The green planet channel show "The Fabulous Beekman Boys"? I know, I know...I'm slow.....but I love this show! Just in case you don't about it.... they are city boys gone country, bought a farm and raise goats amongst other animals!


----------



## StaceyRosado (Oct 5, 2007)

Sounds interesting and now I haven't seen it


----------



## Polarhug (Jul 1, 2010)

I LOVE that show. I love when farmer John crys when he talks about his goats, he loves them so much


----------



## K-Ro (Oct 14, 2007)

yep I have seen it, interesting to say the least. lol


----------



## lissablack (Nov 30, 2009)

I haven't figured out where or when it is, but a friend gave me the book, it is terrific! (Directv channel and time anyone? I tend to keep my tv turned off, so I don't know stuff that I probably ought to know.)

Jan


----------



## cdtrum (Aug 25, 2008)

Here it is directtv green channel 286.....not sure about time, I have mine set to record so I watch it when I want and have time.


----------



## pelicanacresMN (Dec 29, 2009)

I always miss it but we caught an episode last week about all of the viewers top clips from the season & it was great!
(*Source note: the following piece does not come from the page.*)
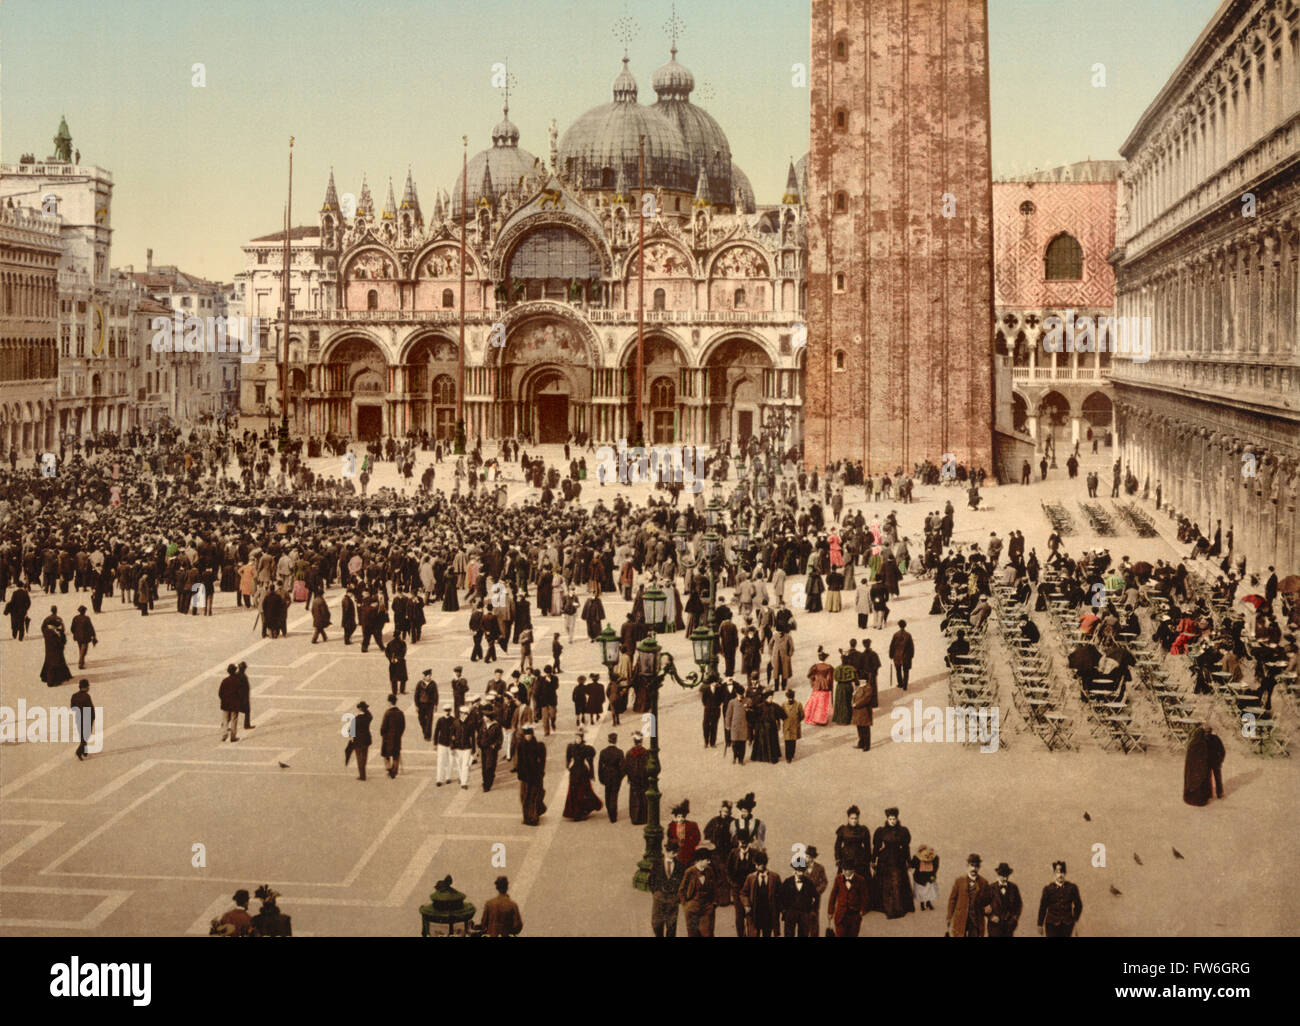 Les concerts, la Place Saint Marc, Venise, Italie, impression Photochrome, vers 1900 Banque D'Images

You need to look up the episode about their llama named Poka Spot playing dead---that was one of the funniest things I have ever seen!


----------



## toth boer goats (Jul 20, 2008)

Nope....... haven't seen it either.... :wink:


----------



## newmama30+ (Oct 4, 2010)

We get it out here on Dish Network on the Discovery Health Channel on Sunday nights I think...really couldnt get into it, was hoping it was more about goats than it is.


----------



## cdtrum (Aug 25, 2008)

Yep.....it is not all about the goats, but they are big part of the show.....but it appeals to me because I also love old farmhouses, cooking, antiques, chickens!


----------



## toth boer goats (Jul 20, 2008)

sounds like an neat show... :wink:


----------